Emergence of Social Behavior in Multi-agent Societies:

This research focuses on use of strongly typed GP for evolving social behavior of agents situated in inherently cooperative environment. Predators-prey problem is employed to investigate the emergence and the features (generality and robustness) of relatively complex social behavior from what we regard as Occam razor for interaction: simple, implicit, locally defined interactions between the predator agents.


Evolutionary Flexible Job Shop Scheduling - an Application Service Provider Approach: The objective of this work is to provide the factories operating plastic injection machines (FPIM) with high business speed which implies (i) providing the customers with convenient way for remote online access to the factory's database and (ii) developing an efficient scheduling routine for planning the assignment of the submitted customers' orders to FPIM machines. Remote online access to FPIM database, approached via delivering the software as a Web-service in accordance with the application service provider (ASP) paradigm is proposed. As an approach addressing the issue of efficient scheduling routine, a hybrid evolutionary algorithm (HEA) combining priority- dispatching rules (PDRs) with GA is developed. In our approach HEA is developed using Oracle PL/SQL programming language and stored on database server as a stored procedure (SP). Database server also handles the execution of SP. The benefits of implementing HEA as SP are improved performance, reduced network overhead and enhanced security.

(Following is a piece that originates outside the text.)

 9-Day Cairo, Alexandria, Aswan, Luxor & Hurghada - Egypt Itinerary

Single System Image Middleware (SSIM) for Metacomputer Implementation of Parallel Genetic Programming (GP): The approach is based on boss-workers model of parallelism exploiting the medium-grained inherent parallelism among the evaluation of individuals in GP. For GP-applications, the SSIM, developed applying the paradigm of Distributed Component Object Model (DCOM), creates an illusion of single virtual supercomputer representing the pool of nondedicated, heterogeneous workstations (or PCs) in LAN environment. In addition, SSIM manages the issues of locating and allocating the resources (workstations or PCs), scheduling, load balancing and fault tolerance.

Distributed Collaborative Approach for GP: The approach is based on island model of parallelism exploiting the coarse-grained inherent parallelism among the semi-isolated subpopulations in GP. The subpopulations communicate with each other through the knowledge base (build on top of SQL database) which maintains the pool of globally fittest individuals. The approach is suitable for distributed implementation of GP on Internet environment.

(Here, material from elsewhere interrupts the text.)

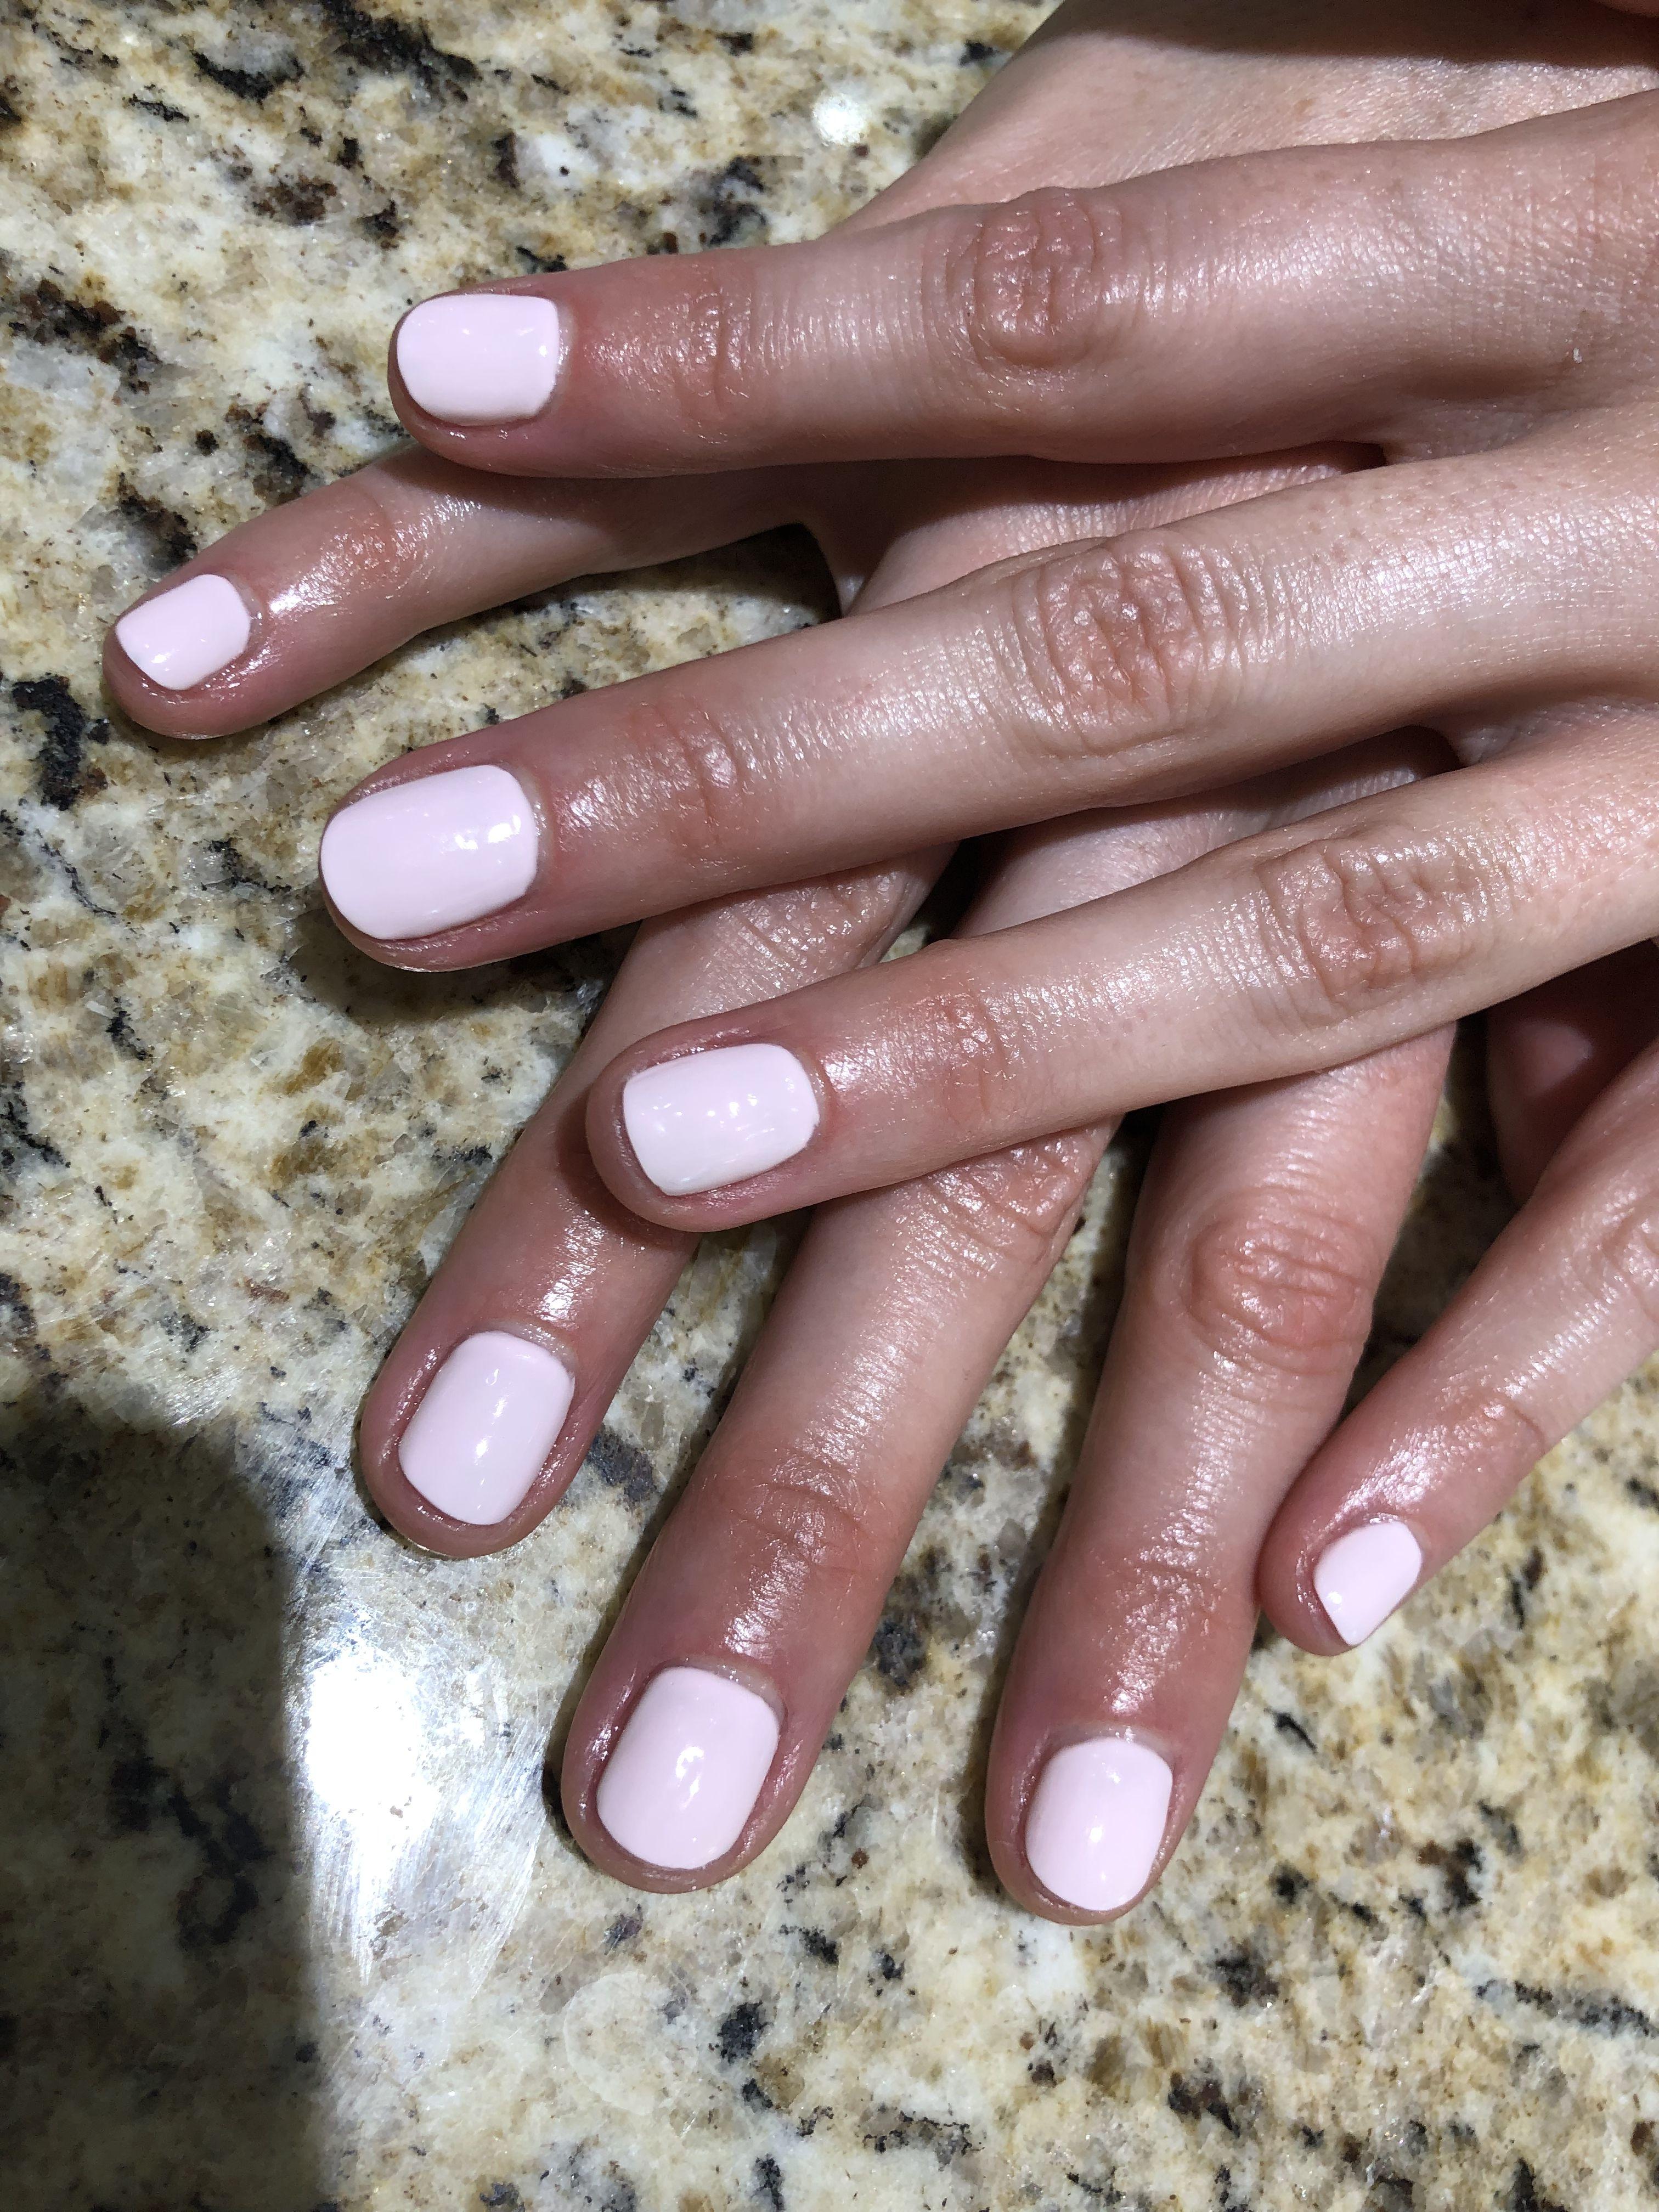 The Simple Life By Kiara Sky Gelcolor Urbannailsbar Gelnails Gelmani Gelpolish Kiarasky Kiaraskynails Urban Nails Nails Blue Nail Polish

Liebau Effect of Valveless Generation of Blood Circulation: The objective of this research is to understand the phenomenon of valveless generation of blood circulation (i.e. circulation generated by heart which has no valves), as originally discovered by G.Liebau. Personal engagement in this highly collaborative research is associated with the (i) comprehending the nature of the phenomenon, (ii) defining the properties and the operational mode of the valveless heart needed for the occurrence of phenomenon, (iii) developing the mathematical model of the phenomenon and (iv) software simulation.

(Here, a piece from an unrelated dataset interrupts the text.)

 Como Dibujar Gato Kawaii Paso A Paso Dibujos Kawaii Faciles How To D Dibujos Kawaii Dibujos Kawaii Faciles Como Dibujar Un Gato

Parallel Interpretation of Prolog on Heterogeneous Shared Memory RISC Multiprocessor: The objective of this research is to enchance the notoriously poor performance of Prolog-language through the exploitation of both AND- and OR-types of inherent parallelism of the language on the system level. This work includes developing the (i) process model (the task decomposition model) for parallel implementation of Prolog, (ii) inter-process communication mechanism, (iii) parallel multiprocessor architecture of Prolog-system based on specialized RISC-processors and (iv) instruction set of RISC-processors, semantically oriented to Prolog.

...and more: building and piloting supermaneuverable RC planes.